The Audit Committee assists the Board of Directors in fulfilling its responsibilities regarding general oversight of the integrity of Safeguard’s consolidated financial statements, Safeguard’s compliance with legal and regulatory requirements, the performance of Safeguard’s internal audit function, review and approval of related party transactions and the performance, qualifications and independence of Safeguard’s independent registered public accounting firm.

Safeguard’s management has primary responsibility for the financial reporting process, including the system of internal controls, and for preparation of Safeguard’s consolidated financial statements in accordance with U.S. generally accepted accounting principles.
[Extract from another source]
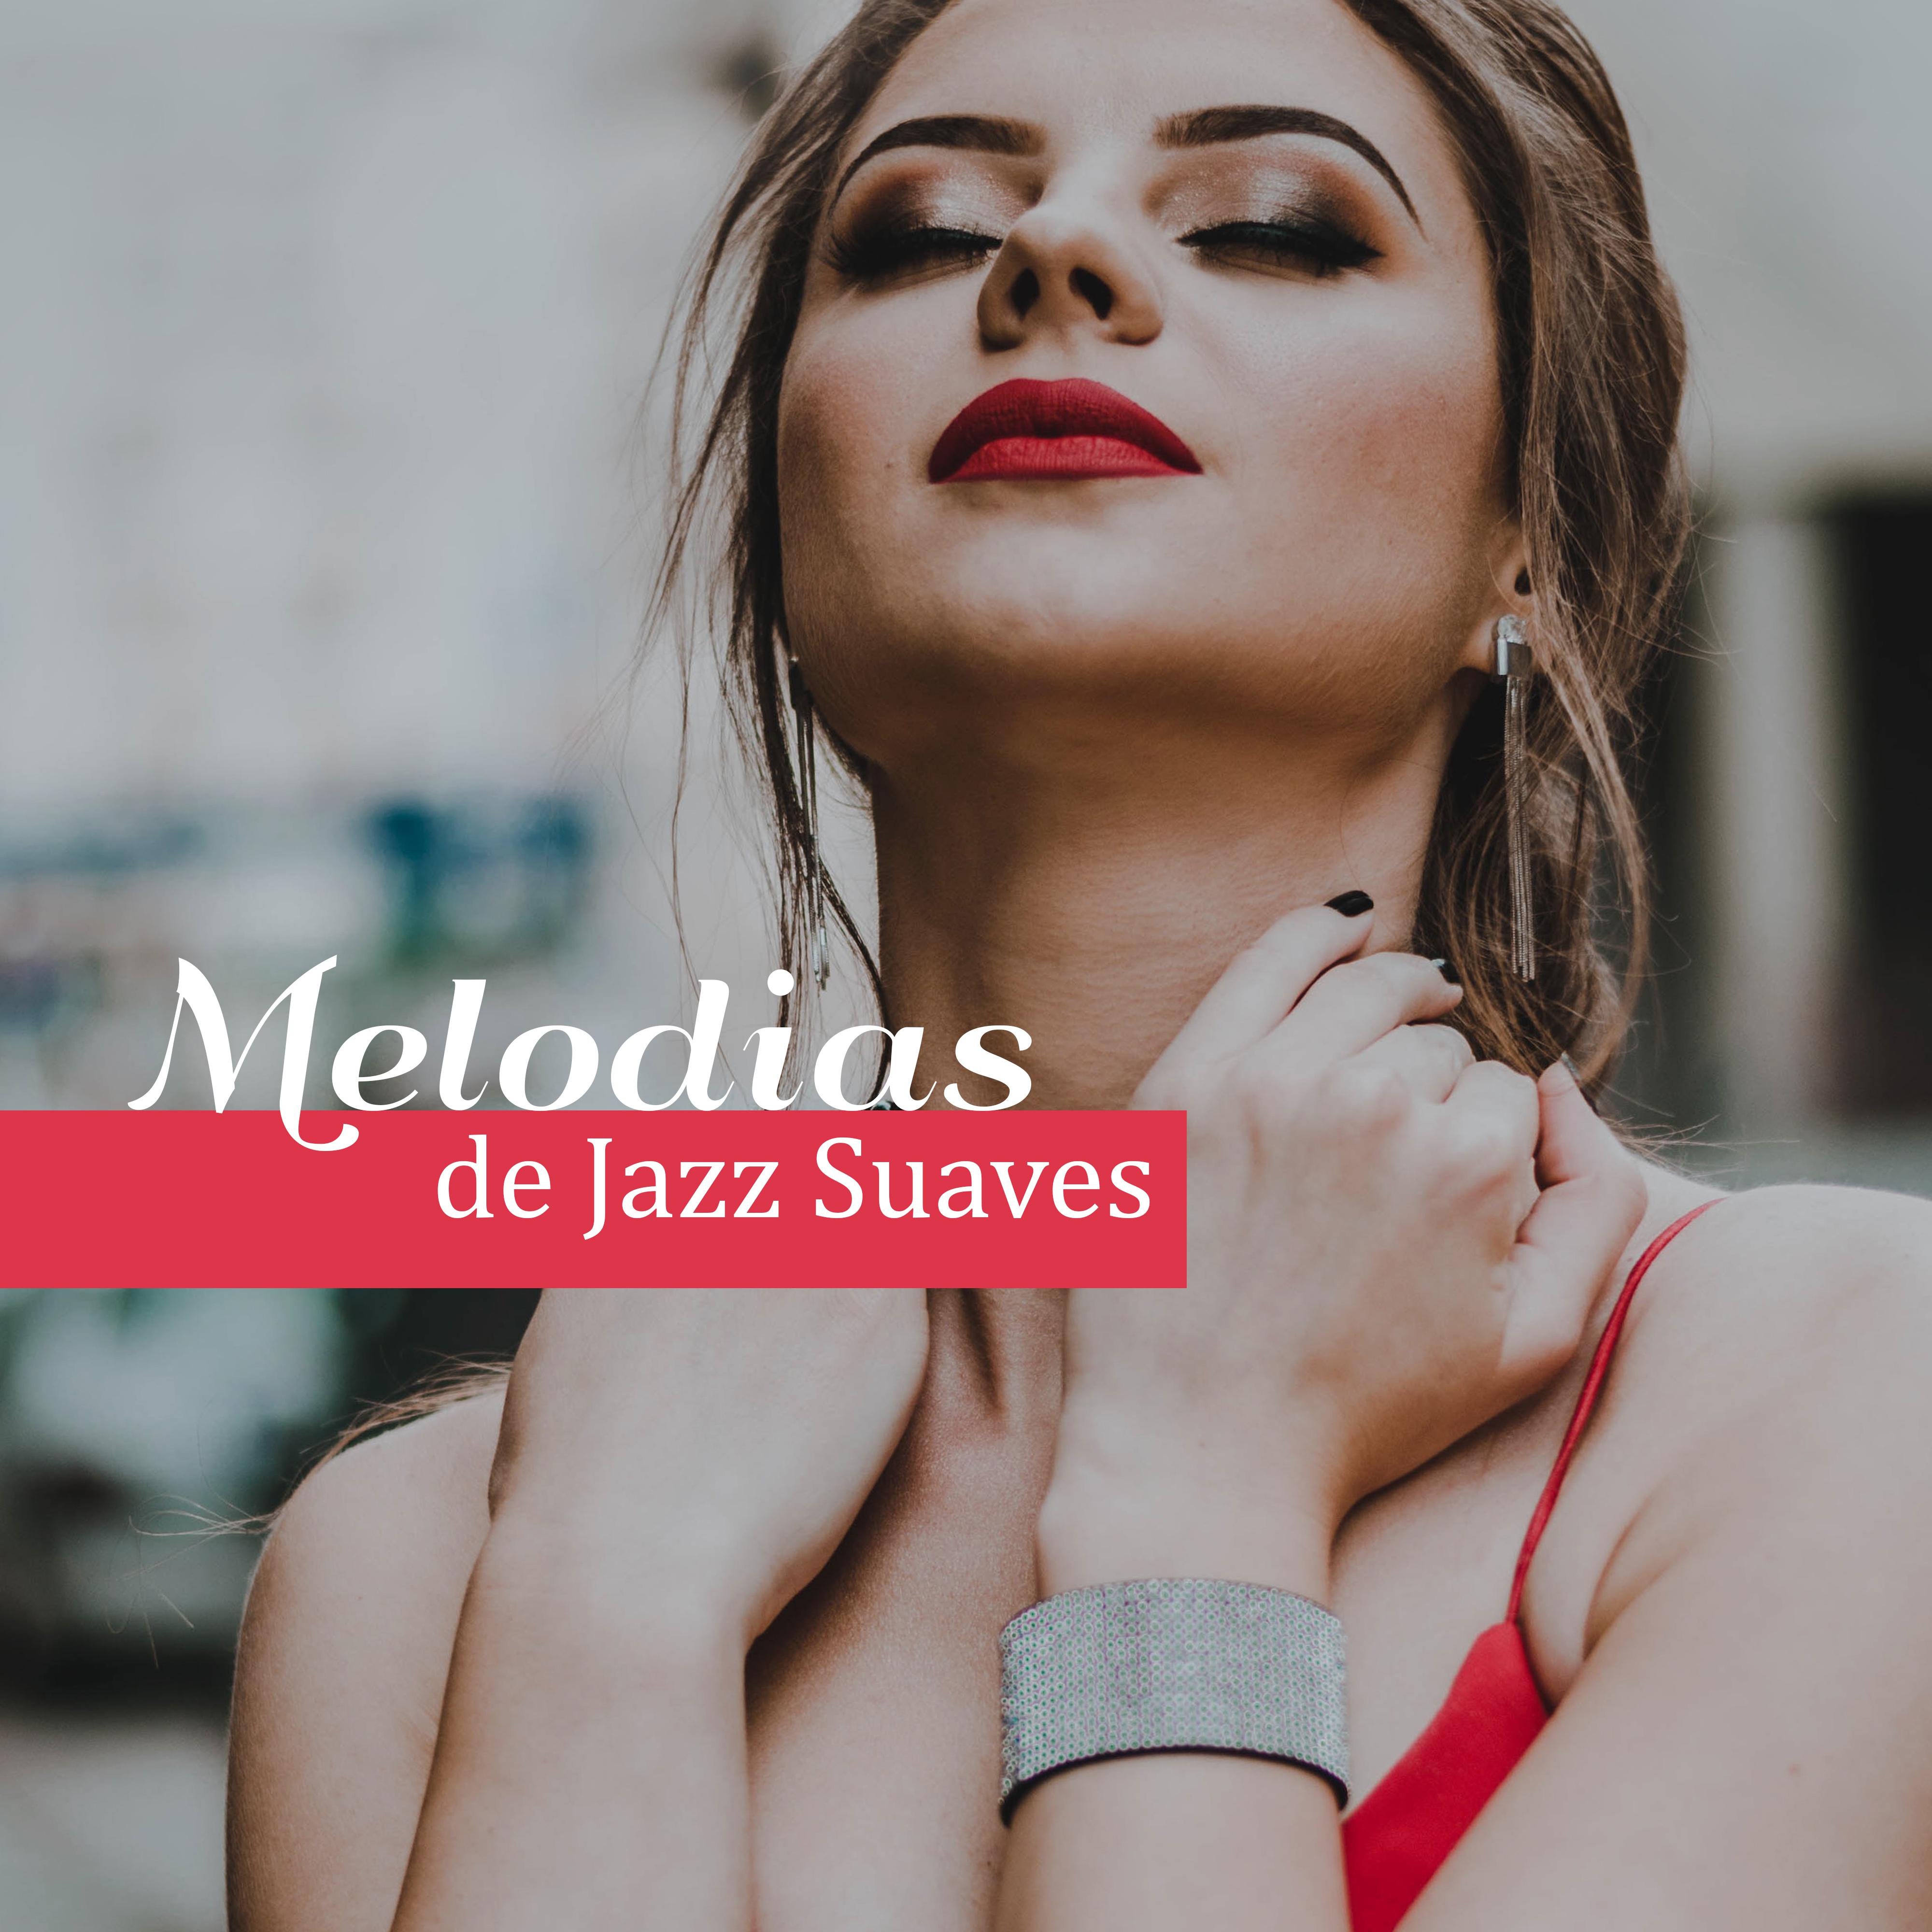 Melodias de Jazz Suaves

Safeguard’s independent registered public accounting firm is responsible for auditing those consolidated financial statements and issuing opinions as to the conformity of Safeguard’s audited consolidated financial statements with U.S. generally accepted accounting principles and the effectiveness of Safeguard’s internal control over financial reporting based on criteria established in Internal Control — Integrated Framework (2013) issued by the Committee of Sponsoring Organizations of the Treadway Commission.

Throughout the year, the Audit Committee regularly meets with management of Safeguard, Safeguard’s independent registered public accounting firm and Safeguard’s internal auditor. The Audit Committee also regularly meets with each of these groups separately in closed sessions. In this context, the Audit Committee hereby reports as follows:

 

  1. The Audit Committee reviewed Safeguard’s audited consolidated financial statements for fiscal year 2016 and met and held discussions with management and KPMG regarding the audited consolidated financial statements.

 

  2. The Audit Committee discussed with KPMG the matters required to be discussed by Auditing Standard No. 16, as adopted by the Public Company Accounting Oversight Board.

 

  3. The Audit Committee received the written disclosures and the letter from KPMG required by applicable requirements of the Public Company Accounting Oversight Board regarding KPMG’s communications with the Audit Committee concerning independence and discussed with KPMG its independence.

 

  4. Based on the review and discussion referred to in paragraphs 1 through 3 above, the Audit Committee recommended to the Board that the audited consolidated financial statements be included in Safeguard’s Annual Report on Form 10-K for fiscal year 2016.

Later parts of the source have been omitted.